Il peptide PYY non blocca l’increzione di gonadotropina, ma ha un più potente effetto oressante. Non risulta perturbato
nella AN o nell’obesità, mentre risulta fortemente elevato nei soggetti affetti da BN, circa dopo un mese dalla
sospensione dei comportamenti di craving alimentare. (164) Questo fenomeno potrebbe costituire un “tratto”
neurobiologico predisponente alla ricaduta. (165)
Il rapporto tra serotonina (5HT) cerebrale e comportamento alimentare è sostanzialmente circolare. La sintesi di 5HT
dipende dall’apporto alimentare di triptofano, mentre, il comportamento alimentare è sensibilmente influenzato dal tono
serotoninergico centrale. Una ridotta disponibilità dietetica di triptofano può indurre un abbassamento dei livelli di
serotonina cerebrale, con effetti clinicamente rilevabili, come slivellamento depressivo del tono dell’umore e ridotta
risposta agli antidepressivi. A livello della barriera emato-encefalica, il trasportatore non specifico di triptofano, è
utilizzato, in senso competitivo, anche da altri aminoacidi. Un pasto proteico non necessariamente migliora l’apporto di
triptofano, a livello cerebrale, per quest’effetto competitivo, esercitato da altri aminoacidi. L’ingestione di carboidrati
induce un’increzione insulinica, che stimola la penetrazione di glucosio ed aminoacidi neutri nei tessuti periferici,
riducendo la competizione a livello del trasportatore e facilitando l’ingresso di triptofano nel SNC. In tal senso, l’appetito
specifico per i dolci, presente in alcuni soggetti depressi, ma anche in obesi e bulimici, potrebbe essere interpretato
come un inconsapevole comportamento con finalità di automedicazione. (166)

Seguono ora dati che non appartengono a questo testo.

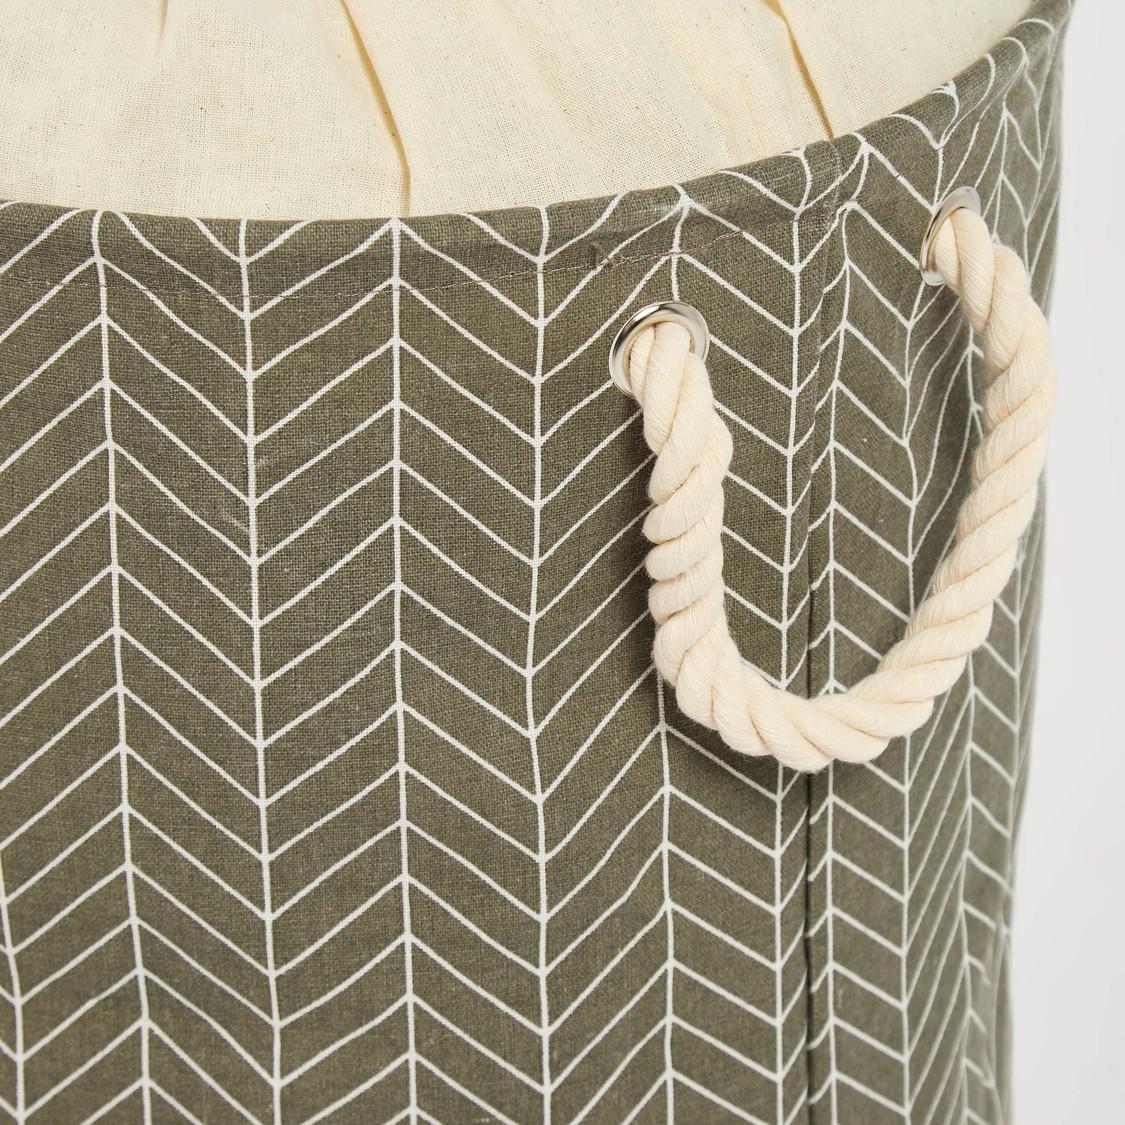 Printed Laundry Hamper with Drawstring Closure - 49x38 cms

Nella AN è stato evidenziato un basso tono serotoninergico centrale, nei soggetti sottopeso, con livelli superiori a quelli
normali, dopo il recupero del peso ideale, che tende a persistere nel tempo per almeno un anno. L’ipertono
serotoninergico può essere considerato una caratteristica di “tratto” neurobiologico, che può facilitare la ricaduta. Le
variazioni del tono serotoninergico cerebrale, presenti nei soggetti con AN, potrebbero correlarsi ad aspetti psicopatologici di tipo ossessivo-compulsivo, con tendenze all’anancasmo ed al perfezionismo.
Nella BN è stata evidenziata una correlazione inversa tra i livelli di 5HT e la frequenza d’abbuffate. L’ipoattività
serotoninergica potrebbe, perciò, svolgere un ruolo patogenetico sul fenomeno bulimico. Nell’obesità sono stati registrati
bassi livelli di metaboliti liquorali della 5HT, con una correlazione inversa tra tono serotoninergico e “craving” per i
carboidrati.
In un’ottica dimensionalistica, i disturbi dell’alimentazione potrebbero essere interpretati in un continuum di disfunzione
serotoninergica. Infatti, livelli elevati di 5HT indurrebbero condotte anoressiche e comportamenti ossessivo-compulsivi,
mentre, bassi livelli di 5HT produrrebbero condotte impulsive, con perdita del controllo sul comportamento appetitivo,
quindi, abbuffate nei soggetti bulimici ed affetti da “binge eating disorder” e “craving” specifico per i dolci, anche nei
soggetti obesi e/o depressi. (160, 167, 168)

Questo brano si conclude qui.